На санпропускнике их быстро обыскали. Ваня успел внимательно осмотреть его хранящие столько тайн стены, что их хватило бы на сотню романов о мытарствах души человеческой. Нехорошее место. Чего тут только не творили разнузданные палачи и садисты! И эта мрачная обстановка: стакана, решётки, всякие закутки, видеокамеры, везде тёмно-синий и грязный, какой-то депрессивный цвет, тёмная извёстка. Тусклые лампочки – всё говорило о пережитых здесь страхе, ужасе и боли. Всё тут продумано спецами по психологической ломке. Ни радости, ни злости у покидающих этот невообразимый нормальному человеческому разуму гадюшник не было. Одна пустота.

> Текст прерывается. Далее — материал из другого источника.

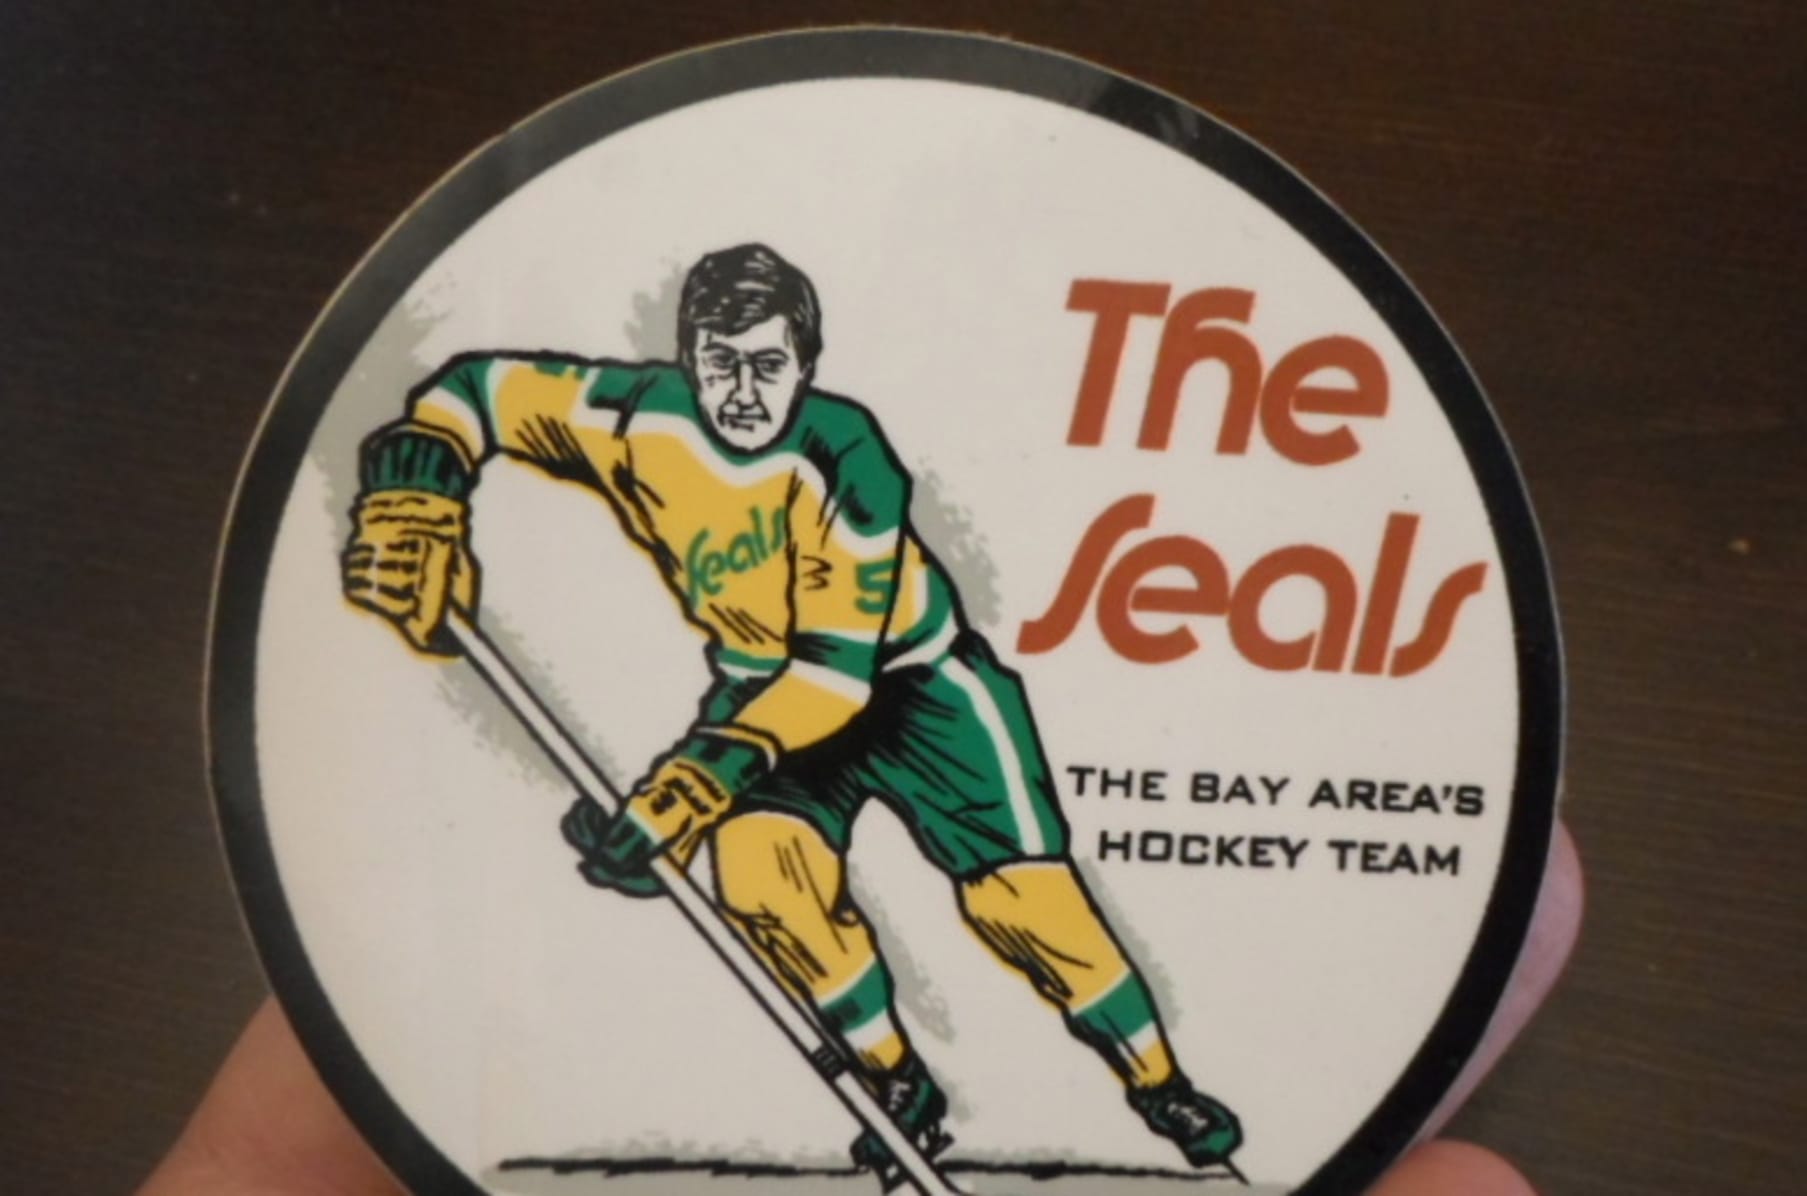 The California Golden Seals Story hockey documentary

Их загрузили в воронок, где уже находилось восемь человек из разных омских колоний. Все ехали на лечение в больницу, до которой и было-то всего 10 мин езды. Ваня устроился рядом с Никоном. Поехали. Прощай, «Семёрка»!
(Мы практически не сомневаемся в том, что прочитав наше повествование о порядках и нравах, царящих в колонии особого режима №7, все наши компетентные органы: ФСБ, прокуратура, следственный комитет, ФСИН (Нет, эти будут молчать. Им некогда: они сами сидят на скамье подсудимых), но все остальные будут авторитетно уверять наших граждан, что всё изображённое в этом произведении сплошные ложь и клевета. Все они с пеной у ртов будут убеждать вас, что такого просто не может быть! Наши глуповатые правозащитницы тоже вполне искренне возмутятся: «Мы там были: в седьмой колонии везде чистота, порядок и такая милая гостеприимная Администрация, что нам самим даже захотелось немного пожить там!».
Но больше всех будут возмущаться, конечно, самые достойные, то есть депутаты Государственной Думы и прочих, более мелких, дум.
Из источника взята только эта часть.